Choose a tag to compare

@mitchallen mitchallen released this 13 Jul 14:41

Changed

  • Switched the Docker base image from python:3.12-slim-bookworm (Debian) to a distroless Chainguard/Wolfi Python base (cgr.dev/chainguard/python). The Debian base carried 4 CRITICAL + 17 HIGH OS-package CVEs with no upstream fix available (perl, zlib, sqlite, util-linux, ncurses); the Wolfi image ships those packages away entirely and scans 0 vulnerabilities at every severity. The venv is built on the matching -dev image so its interpreter resolves at runtime; the runtime is smaller (231 MB vs 341 MB) and still runs as a non-root user. The previous apt-get upgrade and useradd steps are gone (no package manager / already non-root).
  • make scan now fails on fixable CRITICAL/HIGH vulnerabilities (--severity CRITICAL,HIGH --ignore-unfixed --exit-code 1), matching the CI gate for local parity.

Security

  • Automated container image vulnerability scanning with Trivy. The new image-scan workflow builds the image and fails the build on fixable CRITICAL/HIGH vulnerabilities on every pull request and push to main, and the publish / publish-dockerhub workflows run the same gate before pushing so a vulnerable image can't reach GHCR or Docker Hub.
  • Added a scan-scheduled workflow that re-scans the published :latest image daily and uploads results (all severities, including unfixed) to the GitHub Security tab, catching CVEs disclosed after build time.
  • Added a Dependabot config (.github/dependabot.yml) opening weekly update PRs for the Docker base image, GitHub Actions, and Python dependencies, and enabled Dependabot alerts + security updates on the repository.

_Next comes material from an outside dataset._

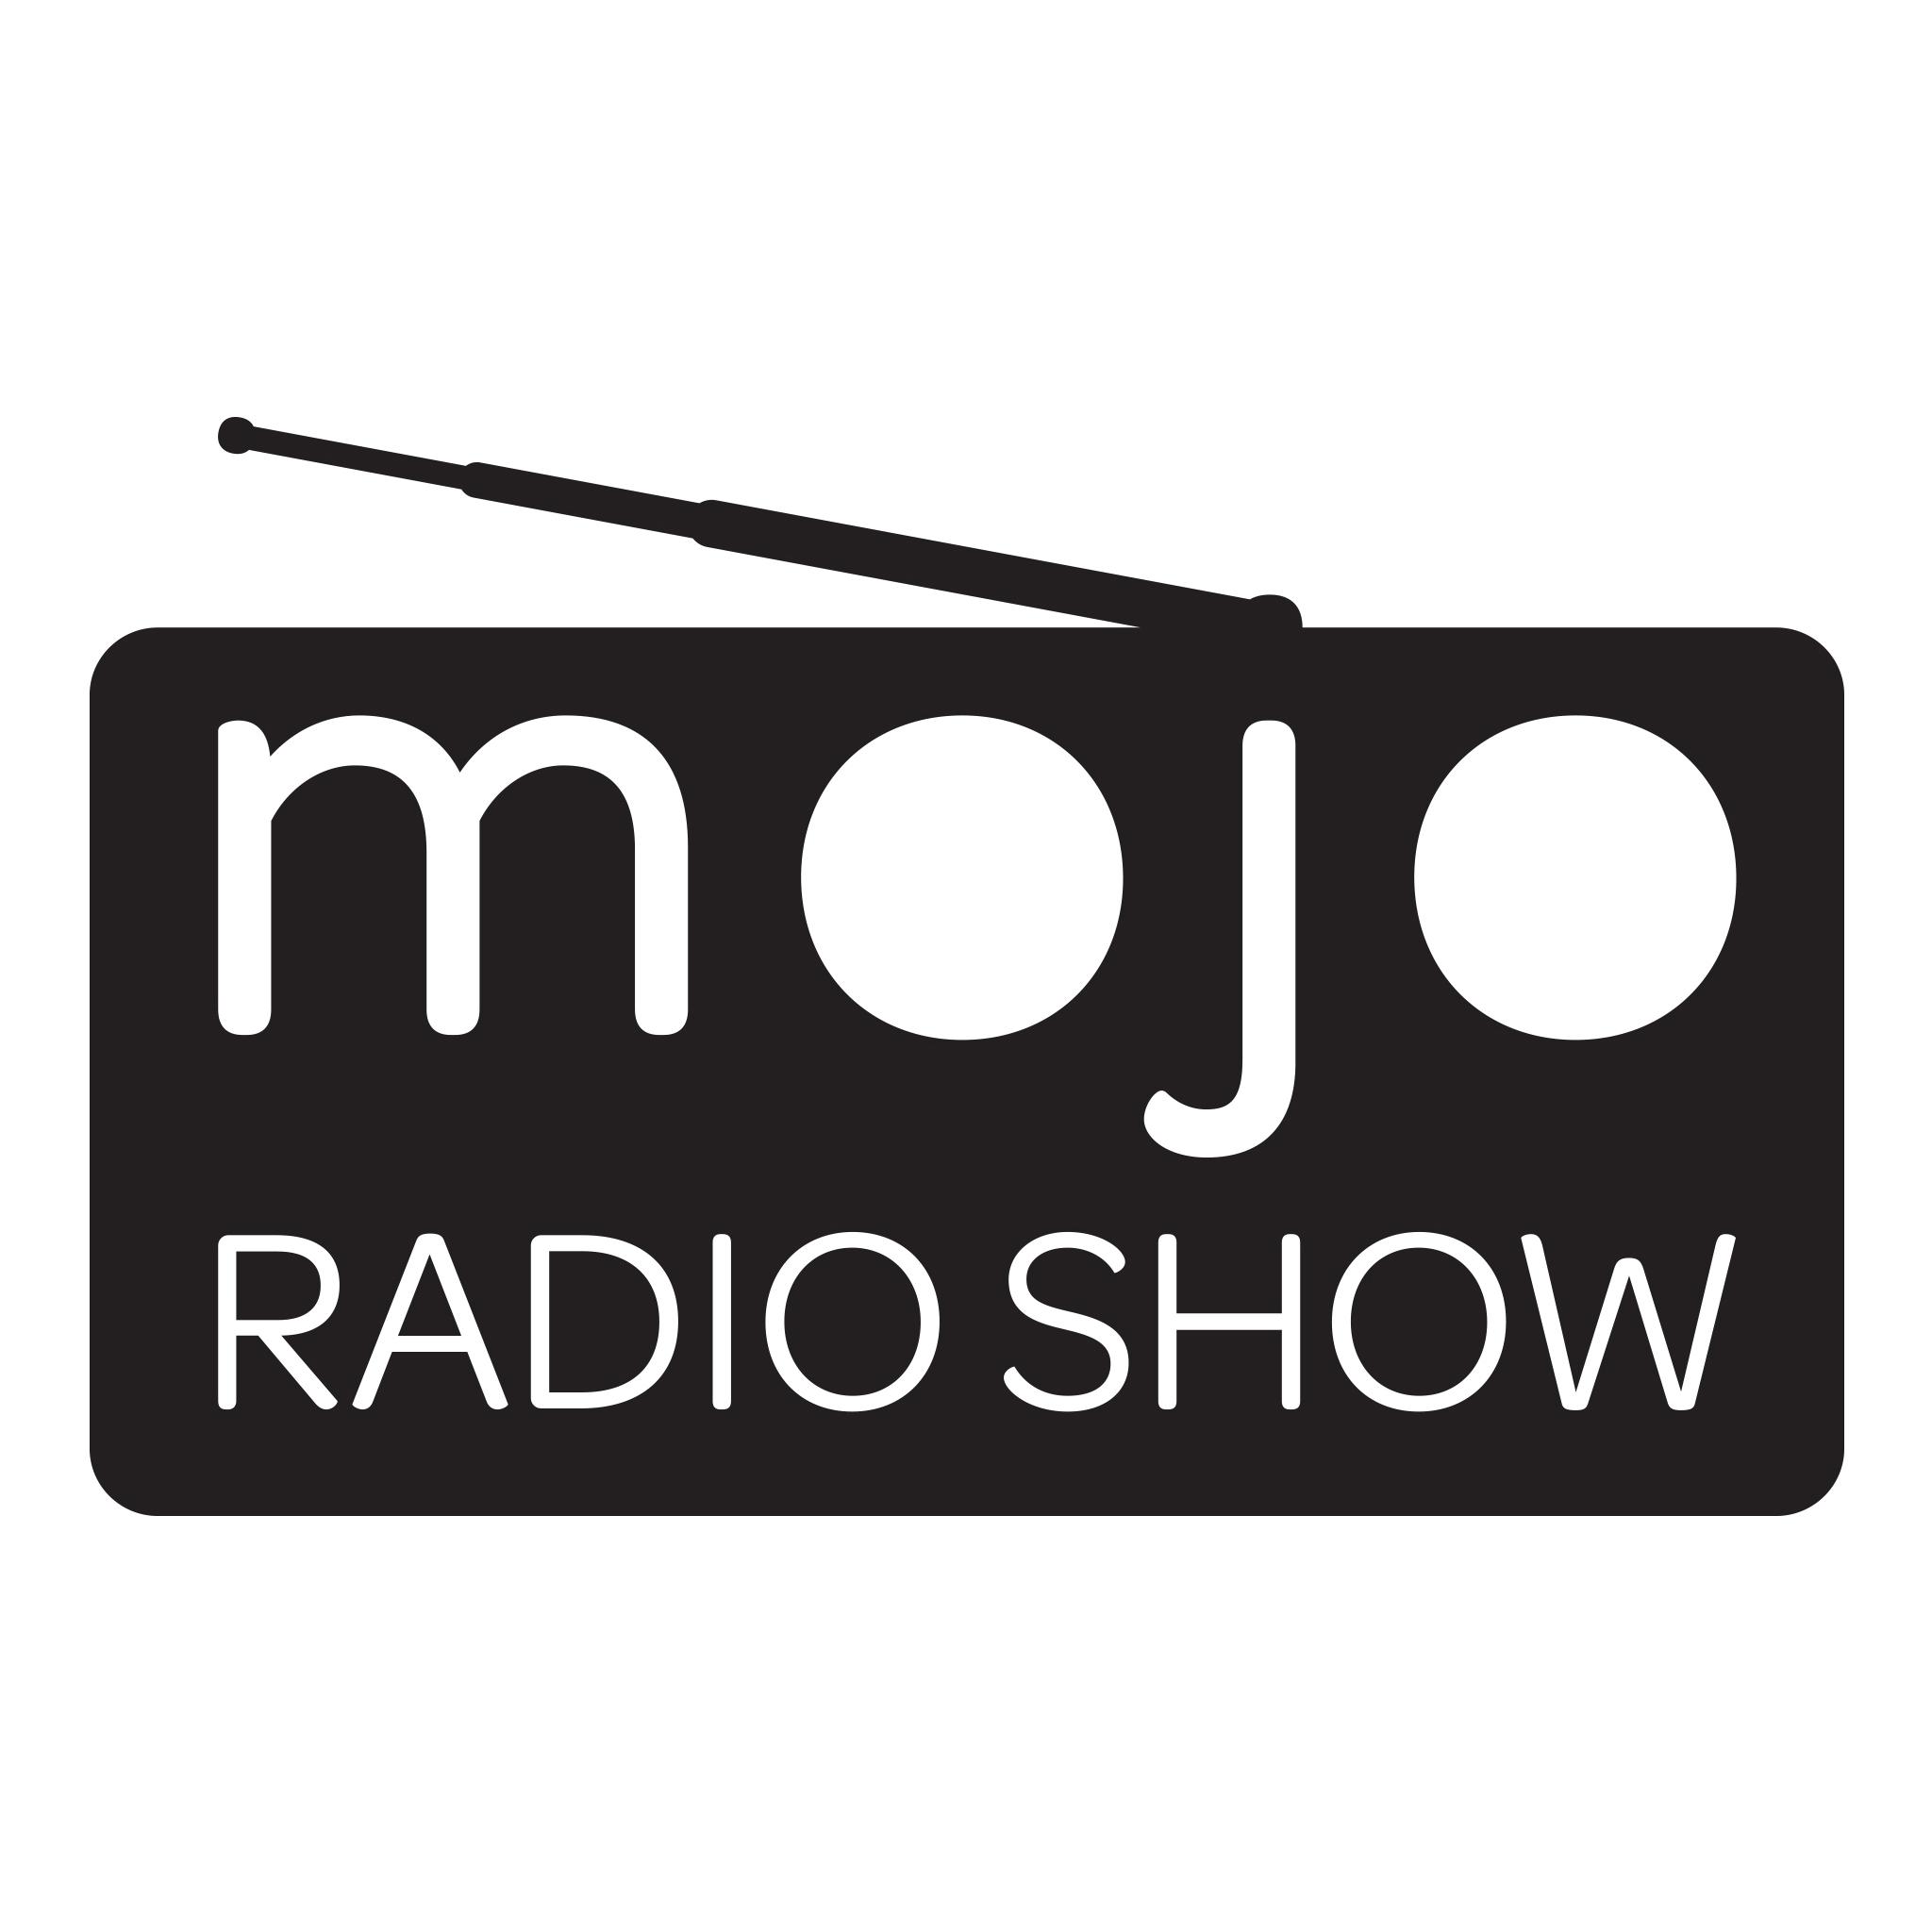 The Mojo Radio Show show art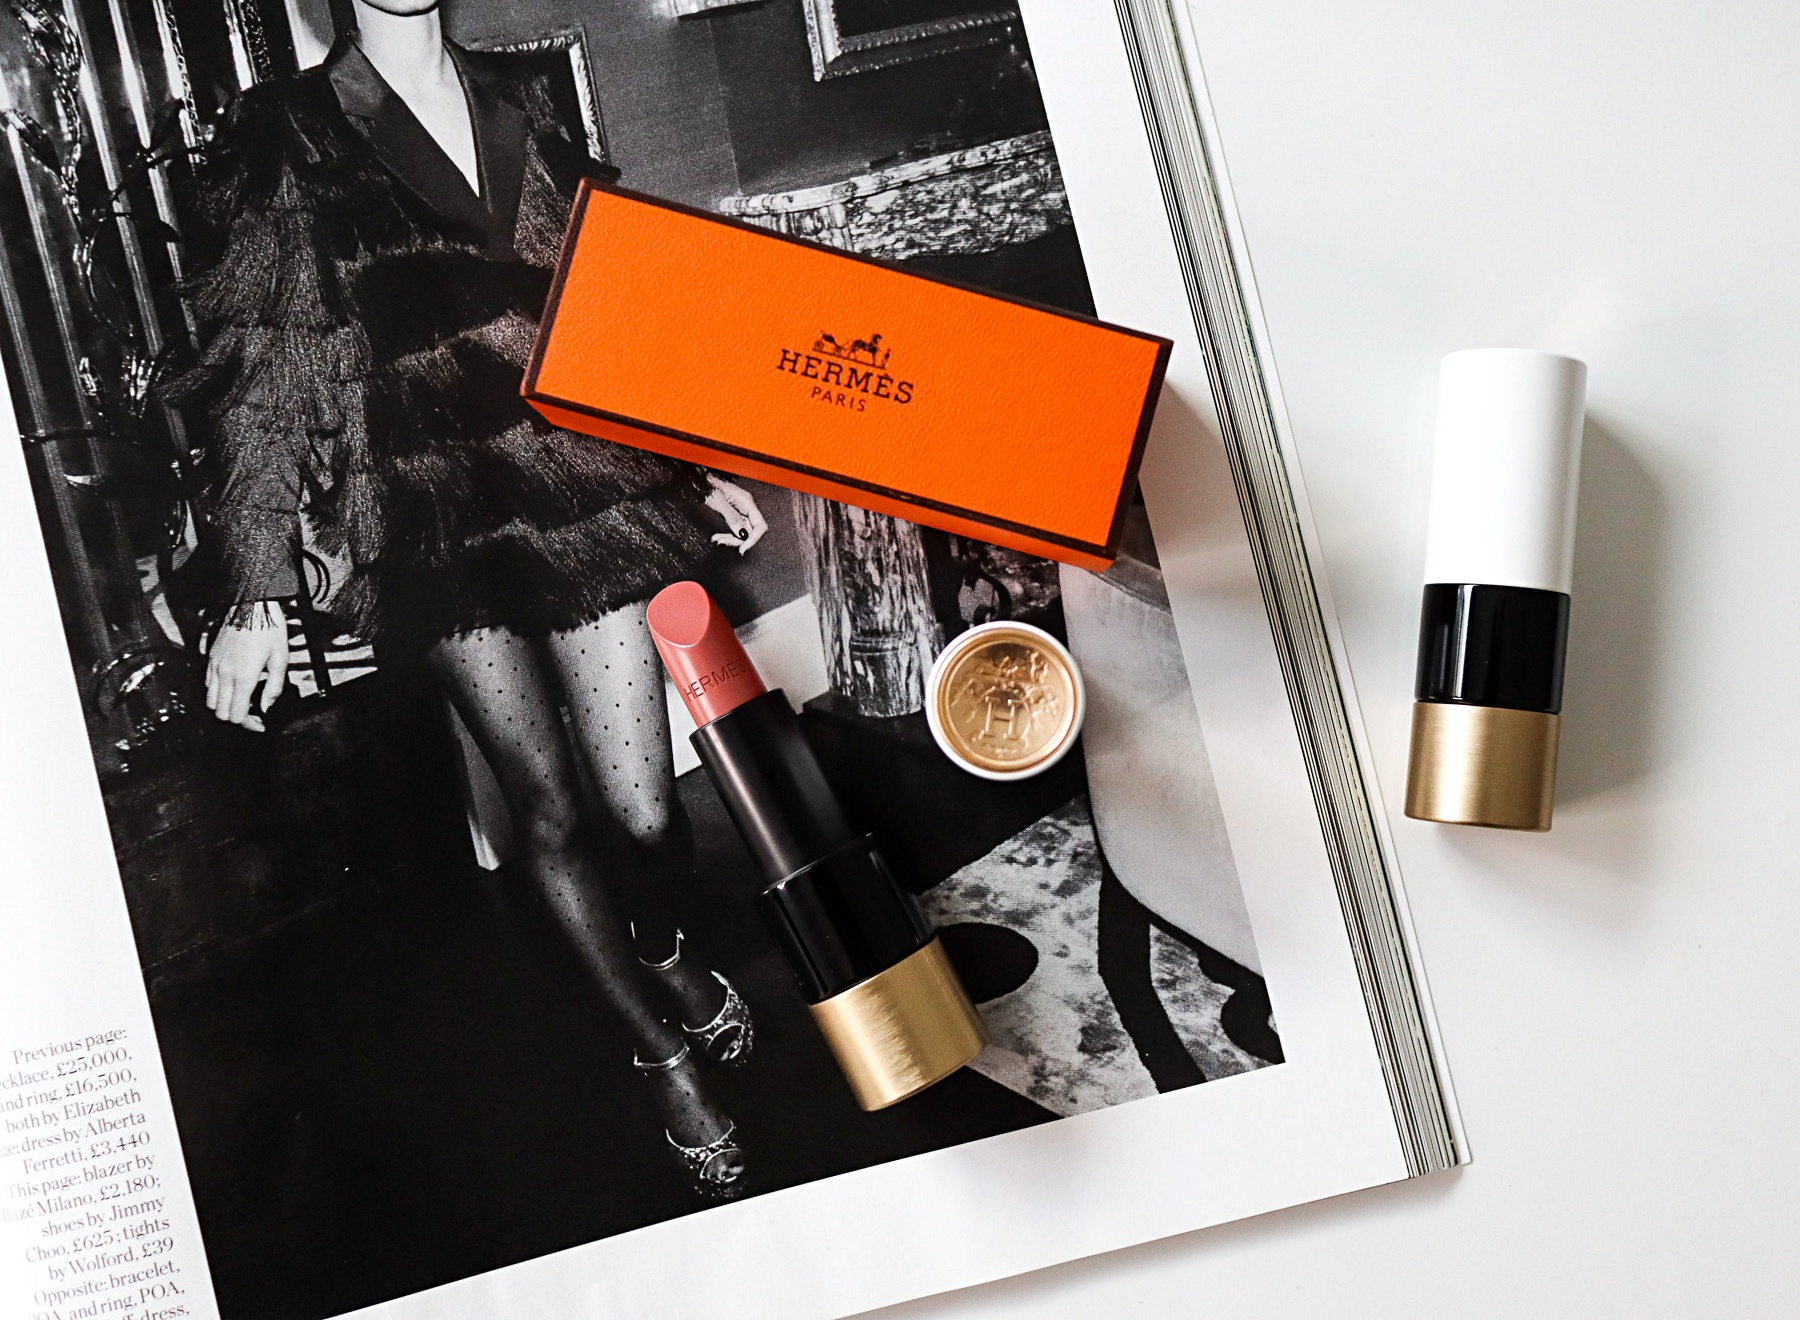 Hermes Rouge Lipstick Beige Kalahari 13 Review | The LDN Diaries

Full changelog: v0.1.1...v0.1.2

v0.1.1

Choose a tag to compare

@mitchallen mitchallen released this 10 Jul 15:31

Documentation

  • Add a "Quick start — demo an MCP server in 2 minutes" section to the top of the README: a client-driven walkthrough (add → verify → ask → remove) using the published Docker Hub image, aimed at someone seeing how an MCP client discovers and calls tools for the first time, plus an HTTP alternative.

No code changes — the 0.1.1 images are identical in behavior to 0.1.0.

Full changelog: v0.1.0...v0.1.1

v0.1.0

Choose a tag to compare

@mitchallen mitchallen released this 10 Jul 14:41

Initial release: a minimal FastMCP server with two tools.

  • server_info() — health/status check (app name, version, uptime, supported languages, default language).
  • greet(language?, name?) — a friendly greeting in one of eight languages (english, spanish, french, german, italian, portuguese, japanese, hawaiian), defaulting to English. Accepts a language name, alternate spelling, or ISO code (case-insensitive), plus an optional name to personalize the message.

Includes CI test/bdd workflows and GHCR + Docker Hub publish workflows.